TASK DIRECTIONS
I need the lines from the one holding "The new Bronze" to the last line of the data below repeated exactly, both included, without pictures.

DATA SUPPLIED
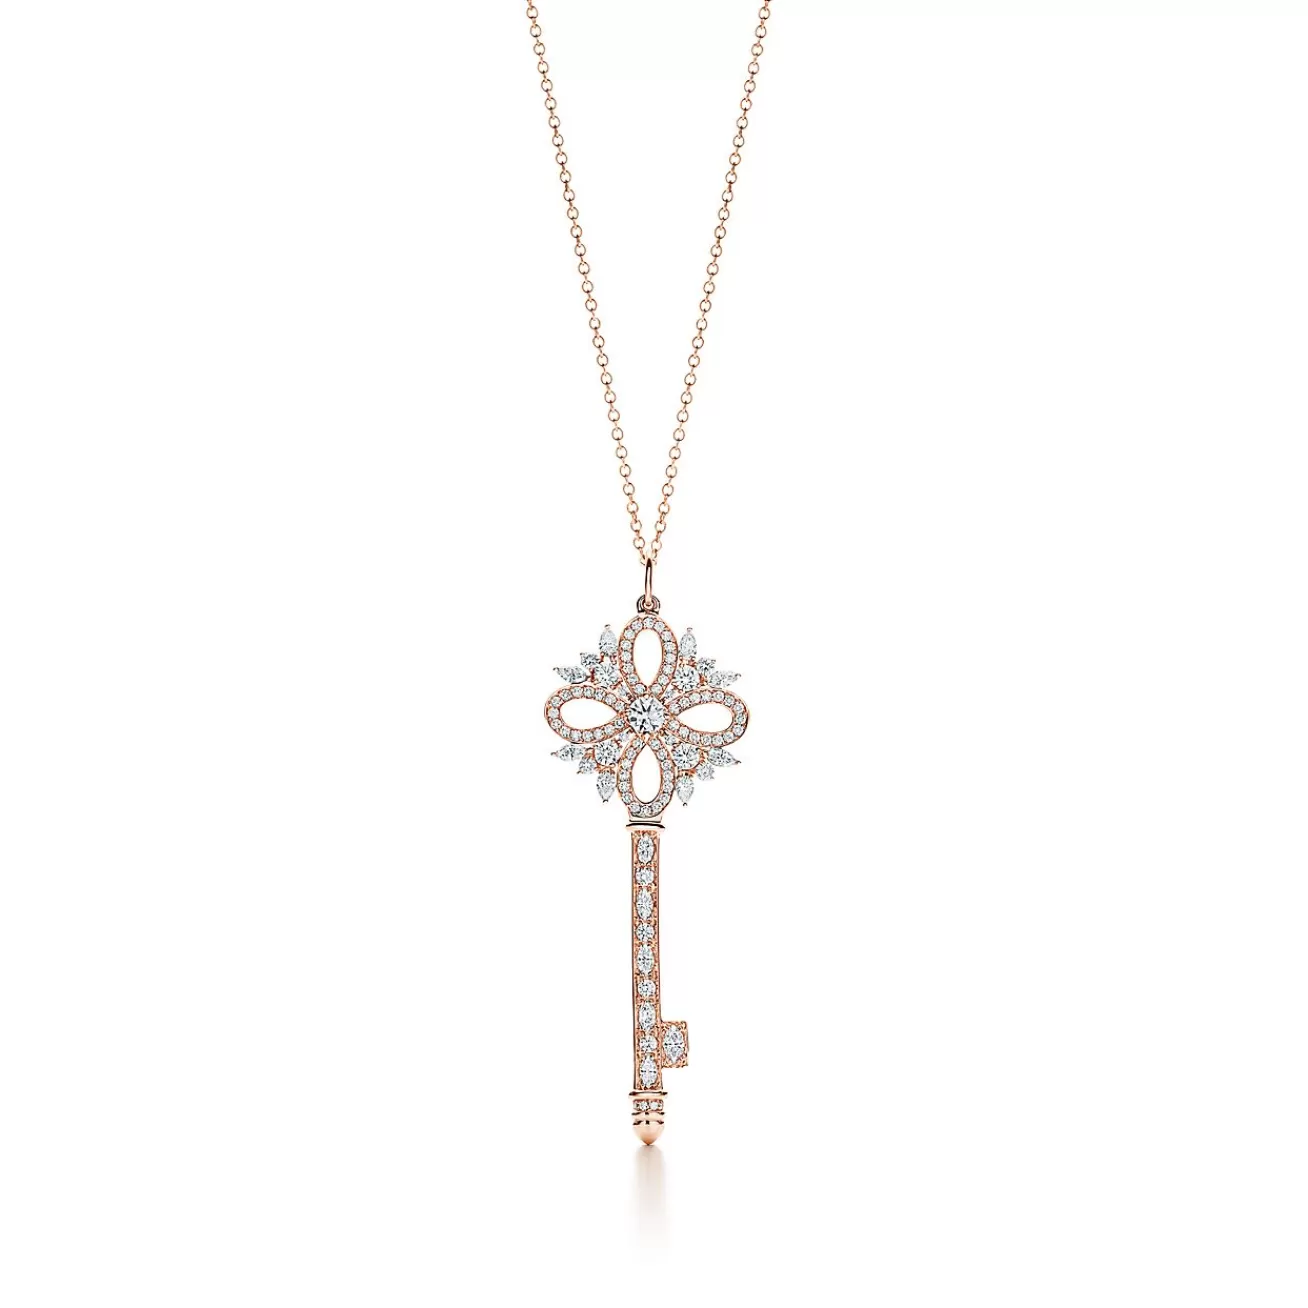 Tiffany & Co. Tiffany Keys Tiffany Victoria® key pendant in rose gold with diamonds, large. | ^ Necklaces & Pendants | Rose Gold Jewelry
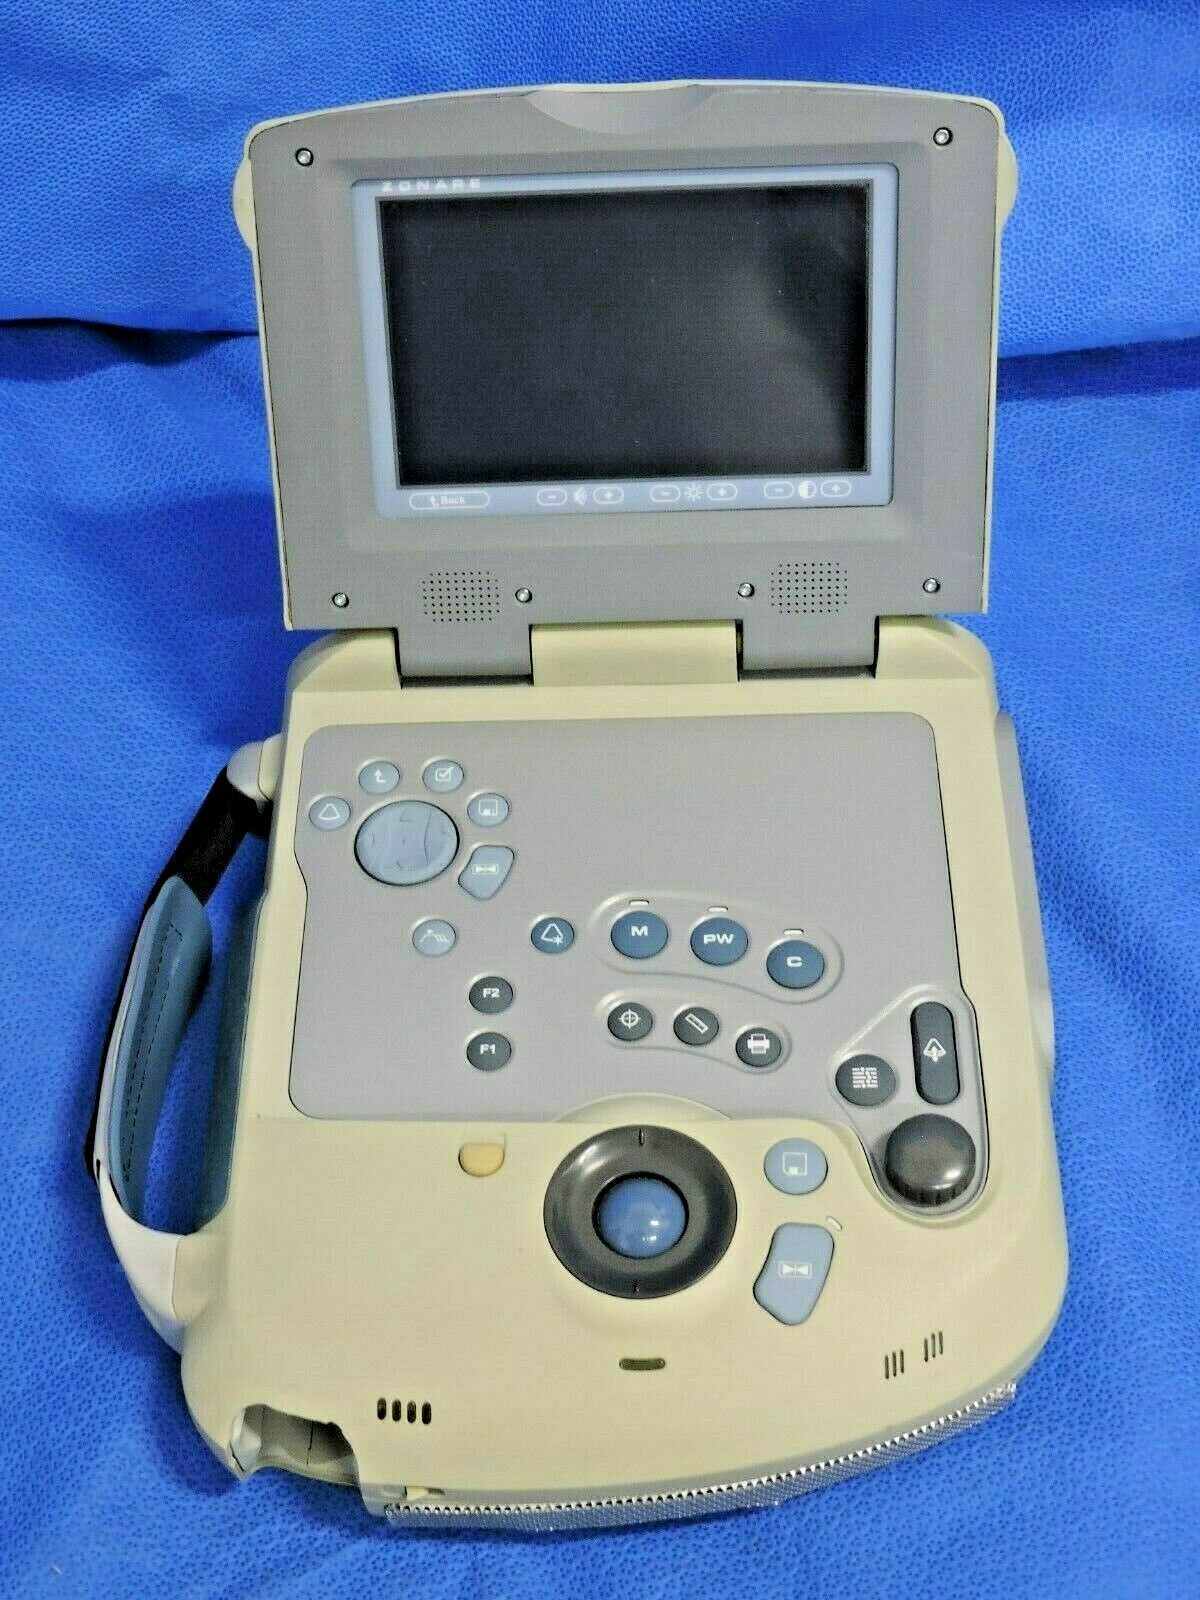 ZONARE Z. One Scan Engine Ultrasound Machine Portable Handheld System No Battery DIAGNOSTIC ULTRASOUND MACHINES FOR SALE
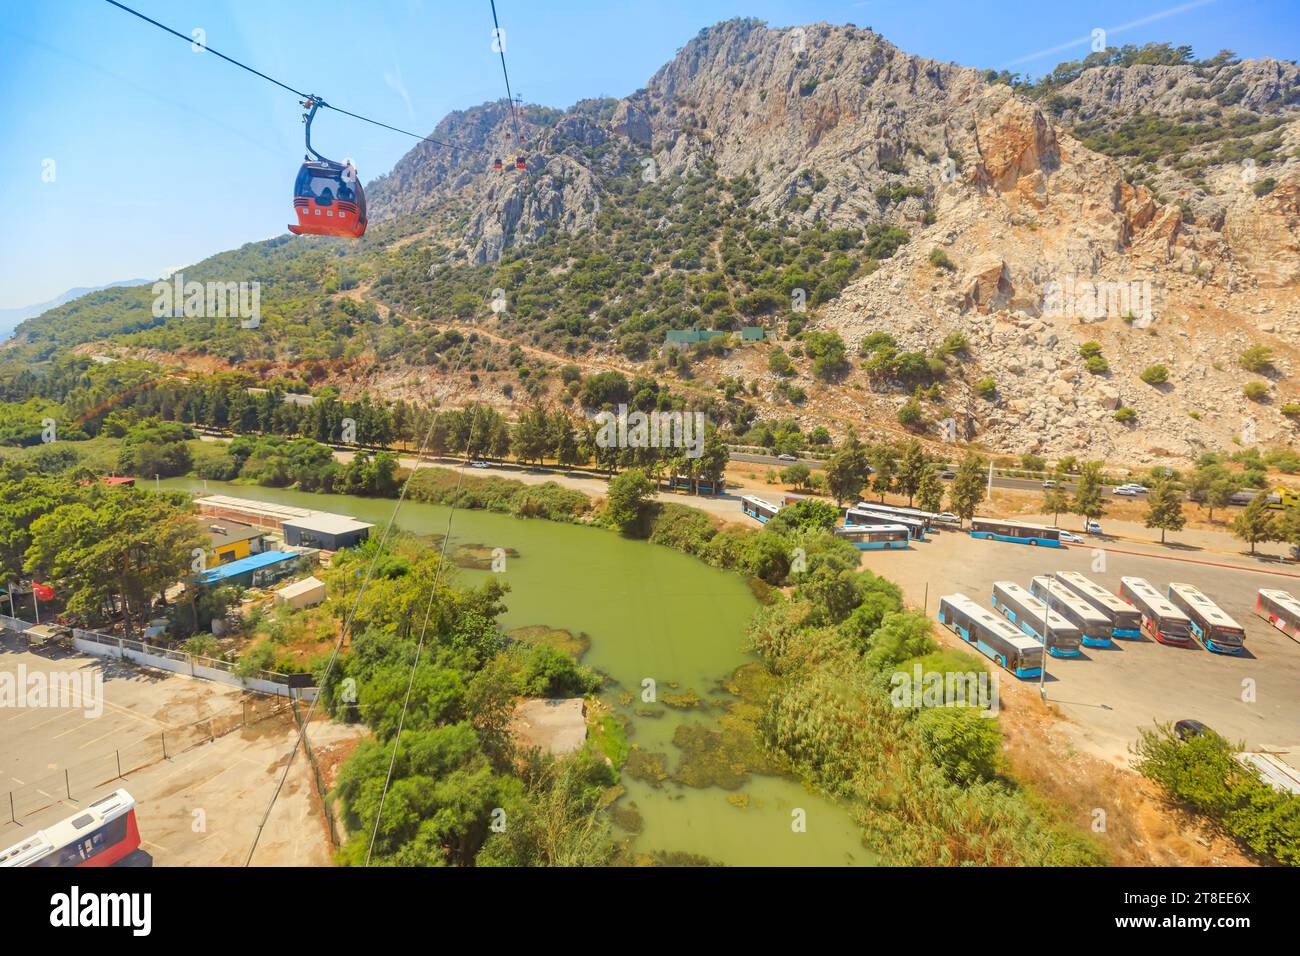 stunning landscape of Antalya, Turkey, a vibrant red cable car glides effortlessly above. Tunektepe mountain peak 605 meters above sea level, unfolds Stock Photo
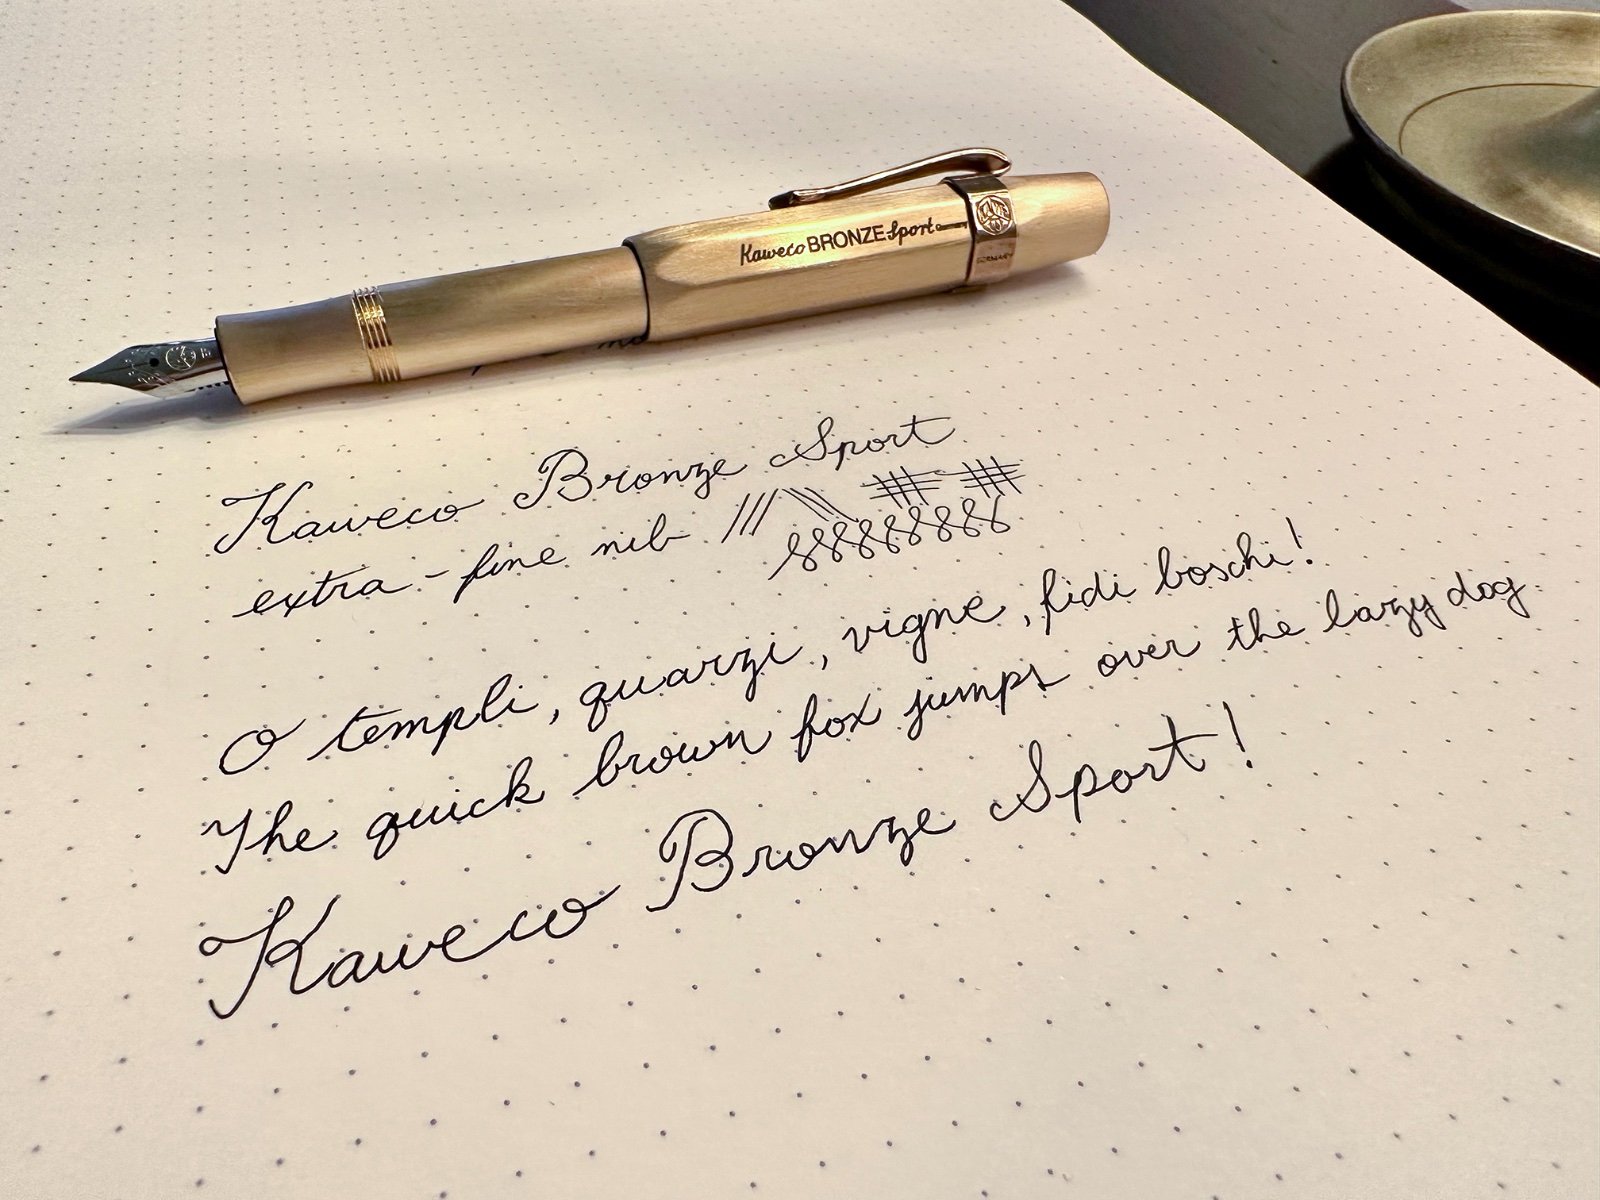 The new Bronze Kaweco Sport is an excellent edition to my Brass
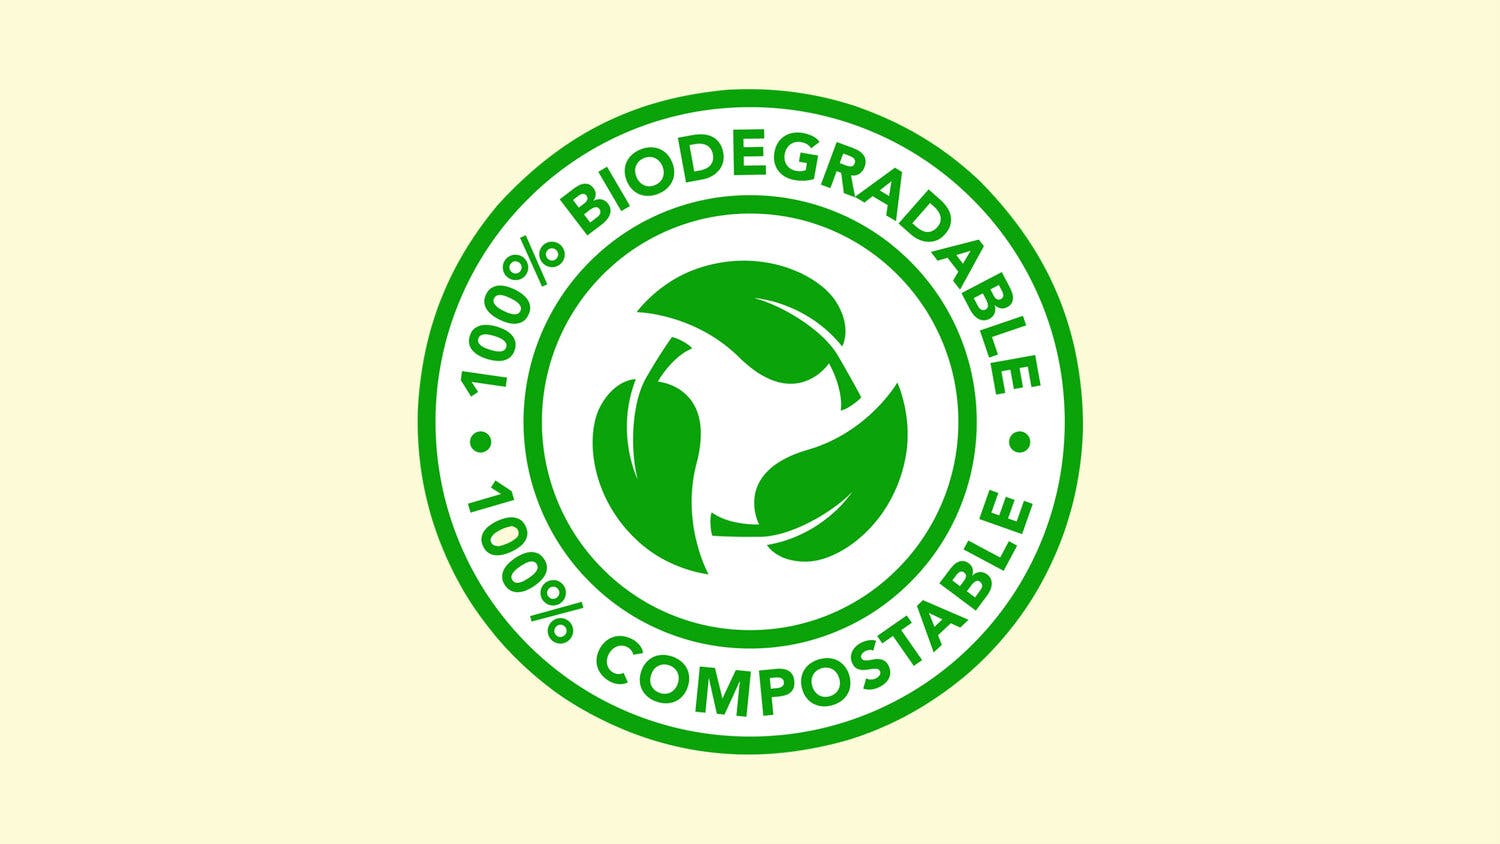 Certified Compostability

RESULT BELOW
 The new Bronze Kaweco Sport is an excellent edition to my Brass
 Certified Compostability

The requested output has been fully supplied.